++++ DATA TO USE
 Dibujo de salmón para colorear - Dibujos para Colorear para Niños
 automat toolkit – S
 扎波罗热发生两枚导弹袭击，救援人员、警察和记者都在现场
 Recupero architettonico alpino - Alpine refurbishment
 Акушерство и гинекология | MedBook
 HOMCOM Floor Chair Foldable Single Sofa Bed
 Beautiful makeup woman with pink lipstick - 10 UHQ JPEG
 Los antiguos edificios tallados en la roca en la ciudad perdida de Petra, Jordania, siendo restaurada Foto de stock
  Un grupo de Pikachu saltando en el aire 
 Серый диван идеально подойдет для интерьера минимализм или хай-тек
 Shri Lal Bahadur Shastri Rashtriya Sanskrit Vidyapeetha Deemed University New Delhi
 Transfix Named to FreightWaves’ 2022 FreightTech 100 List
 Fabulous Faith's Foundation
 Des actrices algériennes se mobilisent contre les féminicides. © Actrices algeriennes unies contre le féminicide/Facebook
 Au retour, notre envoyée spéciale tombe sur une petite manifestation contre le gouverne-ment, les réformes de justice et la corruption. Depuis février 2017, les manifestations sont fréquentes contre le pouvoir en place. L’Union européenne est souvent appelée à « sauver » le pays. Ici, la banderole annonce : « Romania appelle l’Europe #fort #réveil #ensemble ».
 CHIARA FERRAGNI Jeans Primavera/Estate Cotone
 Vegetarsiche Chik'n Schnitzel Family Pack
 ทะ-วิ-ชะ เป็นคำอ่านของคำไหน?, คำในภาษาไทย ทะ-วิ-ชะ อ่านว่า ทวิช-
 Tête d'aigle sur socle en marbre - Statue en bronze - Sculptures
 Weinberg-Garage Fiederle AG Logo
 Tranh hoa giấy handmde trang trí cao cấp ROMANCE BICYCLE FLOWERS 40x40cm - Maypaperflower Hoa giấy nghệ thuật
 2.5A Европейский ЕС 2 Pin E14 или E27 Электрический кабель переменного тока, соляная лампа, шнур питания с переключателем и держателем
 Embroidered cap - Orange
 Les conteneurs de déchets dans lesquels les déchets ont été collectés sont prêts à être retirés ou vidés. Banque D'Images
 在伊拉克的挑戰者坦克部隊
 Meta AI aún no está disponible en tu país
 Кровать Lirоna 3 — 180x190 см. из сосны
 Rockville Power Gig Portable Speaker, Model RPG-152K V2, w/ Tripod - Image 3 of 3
++++++++
### EXERCISE INSTRUCTIONS
Output must be limited to the lines beginning with the one that contains "Кровать Lirоna 3 — 180x190 см. из сосны" and ending with the last line of the entries, reproduced exactly.

### TASK RESULT
 Кровать Lirоna 3 — 180x190 см. из сосны
 Rockville Power Gig Portable Speaker, Model RPG-152K V2, w/ Tripod - Image 3 of 3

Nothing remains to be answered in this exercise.